202. Not so, my good M. Didron!—a very different personage, this; of whom more, presently, though the letters of her name are indeed so plainly, 'Libertas, at non liberalitas,' liberalitas being the Latin for largesse, not for franchise.

This, then, is the opposition between the Greek and Gothic dynasties, in their passionate or vital nature; in the animal and inbred part of them;—Classic and romantic, Static and exstatic. But now, what opposition is there between their divine natures? Between Theseus and Edward III., as warriors, we now know the difference; but between Theseus and Edward III, as theologians; as dreaming and discerning creatures, as didactic kings,—engraving letters with the point of the sword, instead of thrusting men through with it,—changing the club into the ferula, and becoming schoolmasters as well as kings; what is, thus, the difference between them?

Theologians I called them. Philologians would be a better word,—lovers of the {Greek: *Logos*}, or Word, by which the heavens and earth were made. What logos, about this Logos, have they learned, or can they teach?

203. I showed you, in my first lecture, the Byzantine Greek lion, as descended by true unblemished line from the Nemean Greek; but with this difference: Heracles kills the beast, and makes a helmet and cloak of his skin; the Greek St. Mark converts the beast, and makes an evangelist of him.

Is not that a greater difference, think you, than one of mere decadence?

This 'maniera goffa e sproporzionata' of Vasari is not, then, merely the wasting away of former leonine strength into thin rigidities of death? There is another change going on at the same time,—body perhaps subjecting itself to spirit.
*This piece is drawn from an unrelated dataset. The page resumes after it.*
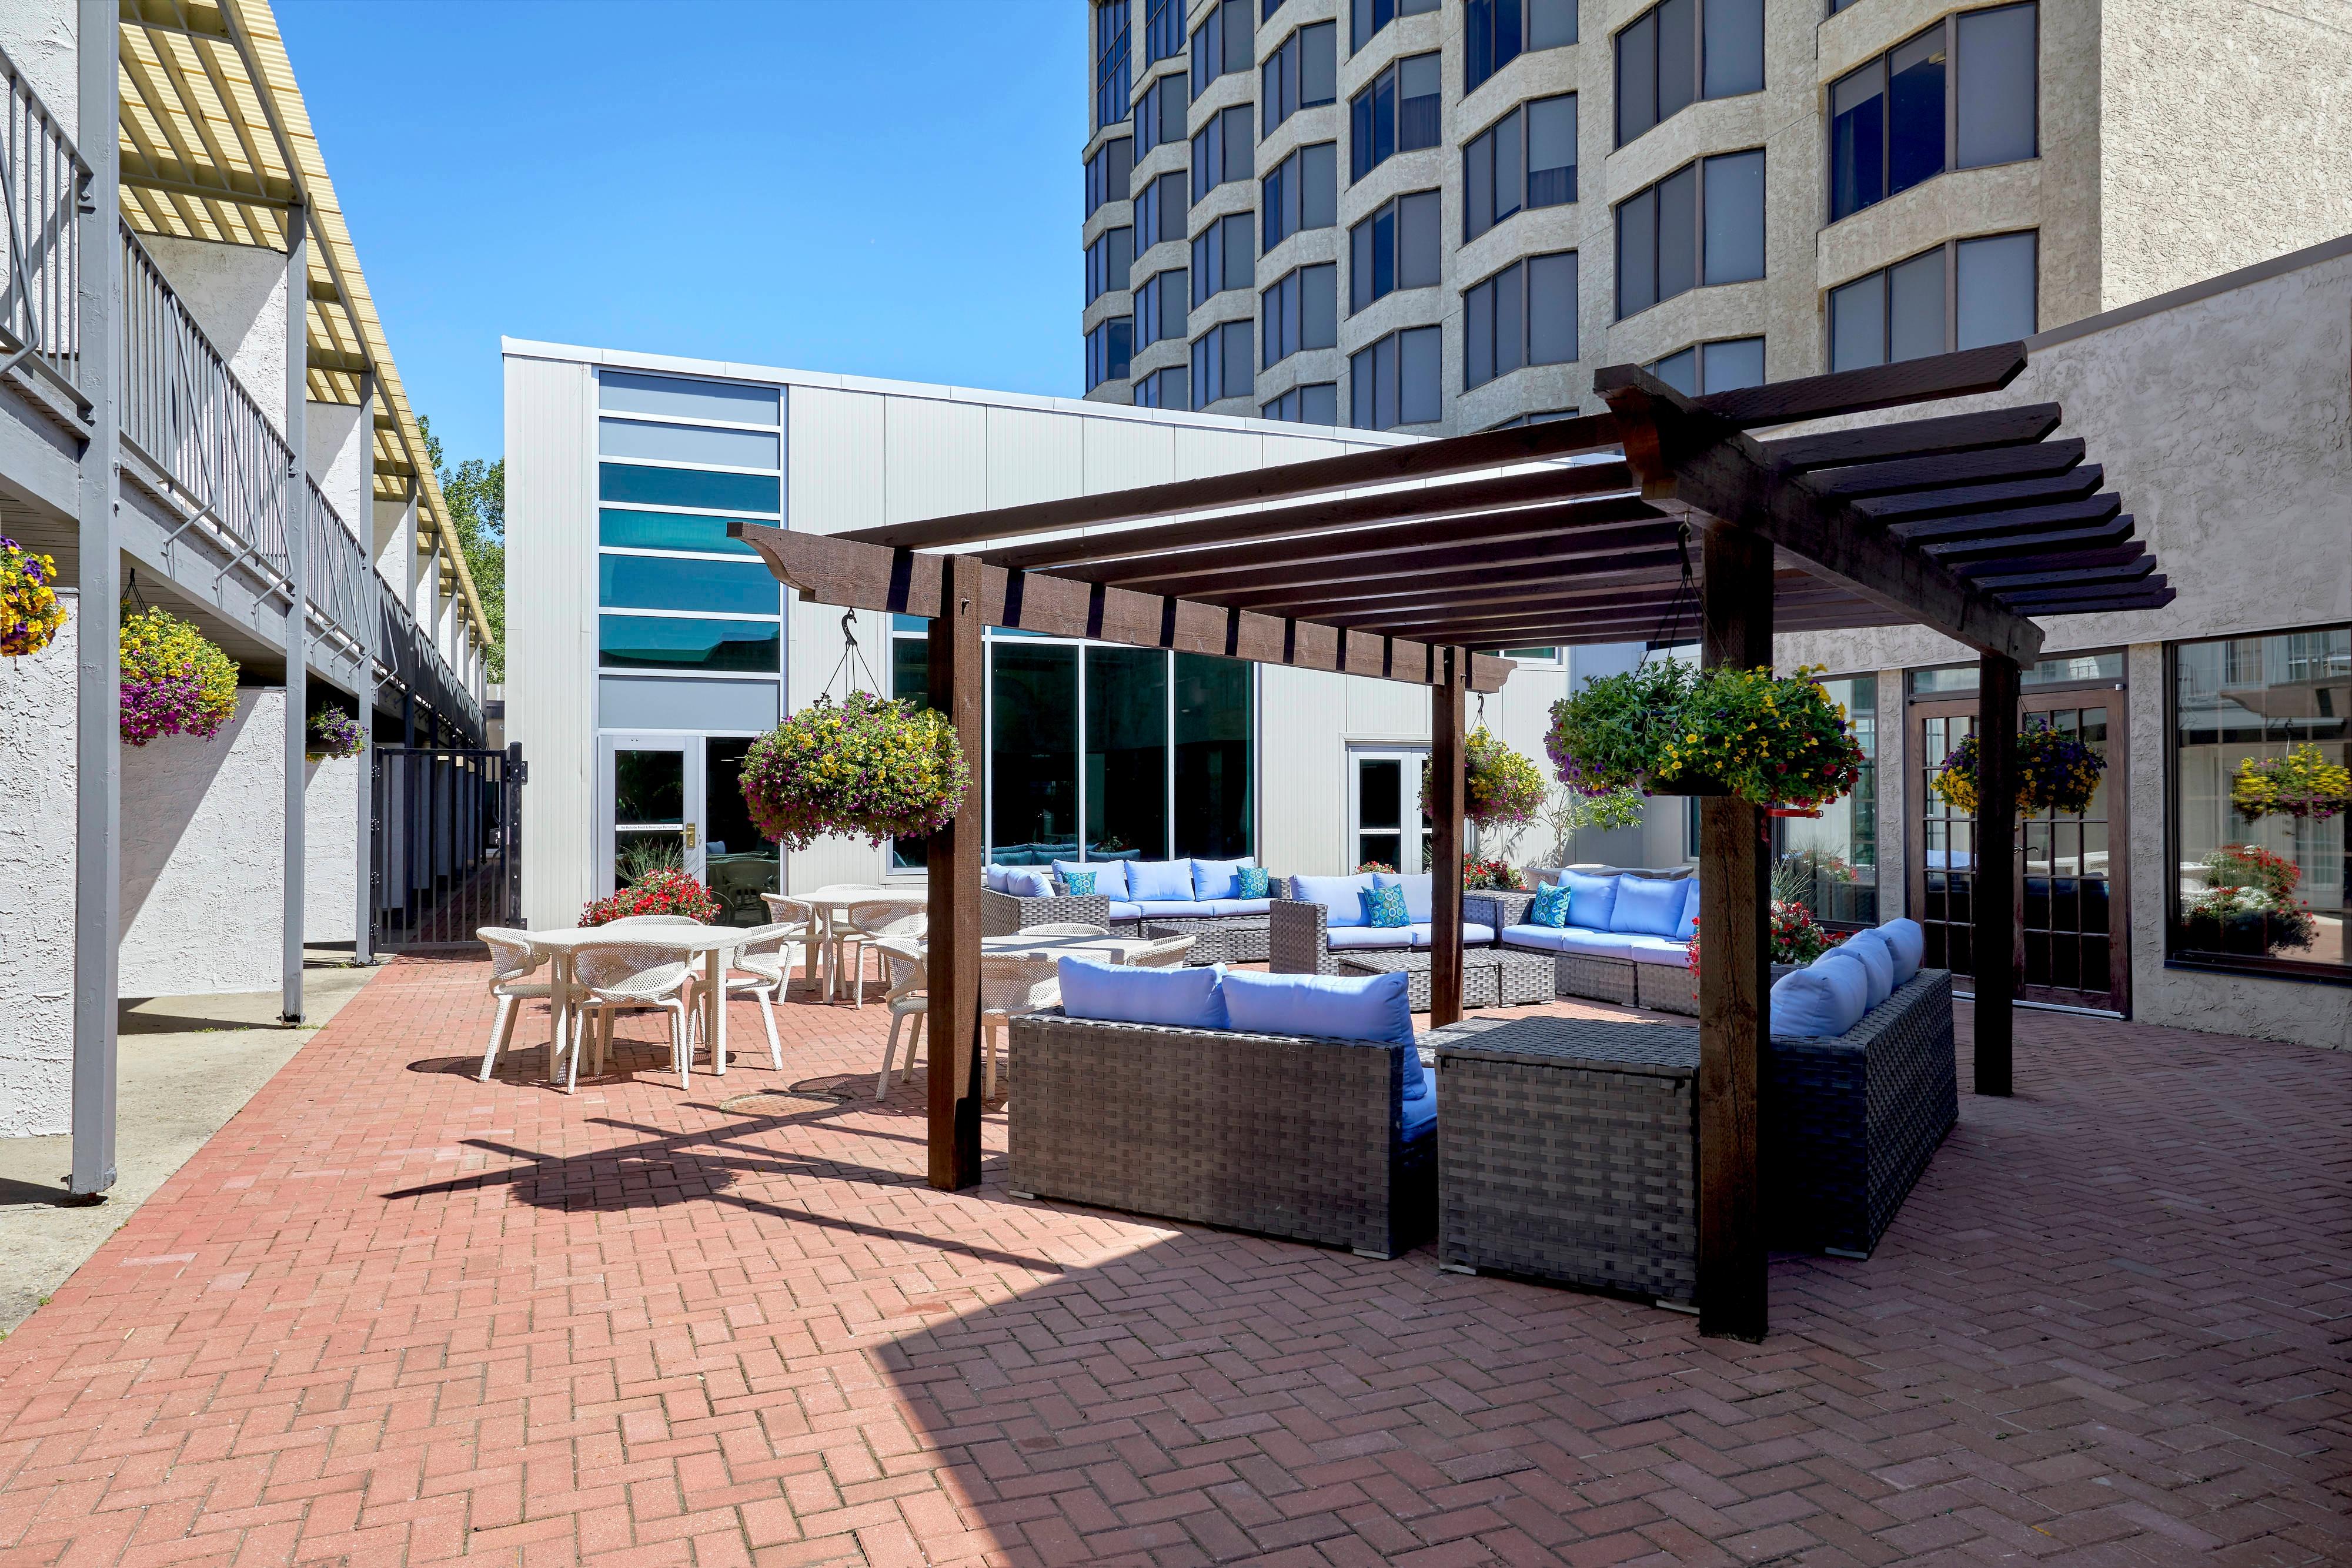 Garden Terrace Lounge Patio

I will not teaze you with farther questions. The facts are simple enough. Theseus and Heracles have their religion, sincere and sufficient,—a religion of lion-killers, minotaur-killers, very curious and rude; Eleusinian mystery mingled in it, inscrutable to us now,—partly always so, even to them.

204. Well; the Greek nation, in process of time, loses its manliness,—becomes Graeculus instead of Greek. But though effeminate and feeble, it inherits all the subtlety of its art, all the cunning of its mystery; and it is converted to a more spiritual religion. Nor is it altogether degraded, even by the diminution of its animal energy. Certain spiritual phenomena are possible to the weak, which are hidden from the strong;—nay, the monk may, in his order of being, possess strength denied to the warrior. Is it altogether, think you, by blundering, or by disproportion in intellect or in body, that Theseus becomes St. Athanase? For that is the kind of change which takes place, from the days of the great King of Athens, to those of the great Bishop of Alexandria, in the thought and theology, or, summarily, in the spirit of the Greek.